Let me tell you, living with an un-curable disease is one of the most awful challenges. Learning I had FA took out all of my hope and smashed it into the ground. I felt like I was wandering around with no purpose, knowing that my body was slowly deteriorating. And there was nothing I could do about it. I wanted to scream. Life felt pointless.


And then I found hope again. Hope for a cure. Hope for something, anything, that could make life a little easier. I pictured myself in the future in a world where I didn't have to worry about FA. A world where I was just like everybody else. It was pretty nice to imagine life without a disability and FA becoming a distant memory.


I lived in this haze for a while. I sort of put my life on pause. I kept having the thought that "I will wait to do xyz until there is a cure." I would wait to move away for college. I would wait to go to a party. I would wait to try to make new friends. I would wait to travel somewhere for fun. I would wait to learn to drive. Very quickly, this hope turned into waiting. I had built up my mind to the idea that a cure would come and save me from all the hard parts of life.


The definition of hope, according to the New Oxford American dictionary is "grounds for believing that something good may happen."


Hope isn't waiting.


Hope is believing.


I'll be the first to tell you that my life has not turned out the way I planned. I never pictured that I would be a freshman in college, six hours away from home, in an amazing sorority, in a wheelchair. Living in that haze of waiting, I never even thought I would graduate high school with FA, much less go to college with it. I thought a cure would come before then. I didn't even want to commit to move away for college in the beginning because I couldn't wrap my head around doing that with FA.

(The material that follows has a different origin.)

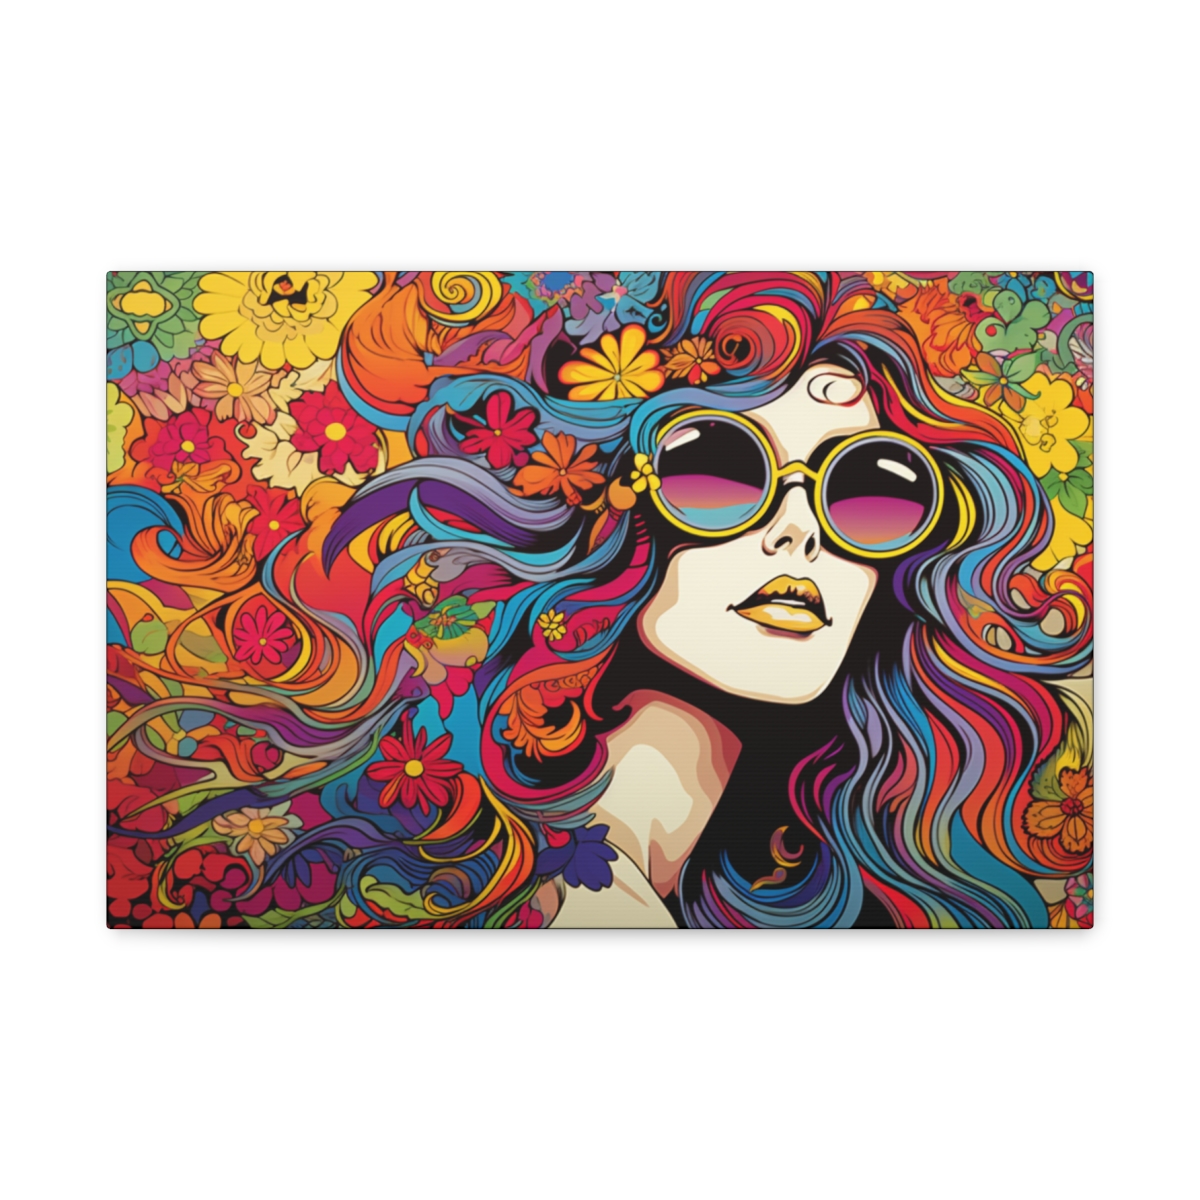 Hippie Art Art Canvas Print: Girls Power

The point of this post is that I have learned that I can't put my life on pause. I can't wait for a cure to happen to start living. I have to live now. Even if it's not the way I pictured it. All I have is now. And I want to enjoy my life instead of sitting around waiting for something I can't control.


Yes, I still have hope for a cure. I believe it will come. I think we are closer than ever. But I can't put all my happiness into waiting around for one. It'll happen when it happens. And in the mean time, I'm going to enjoy the life I have now.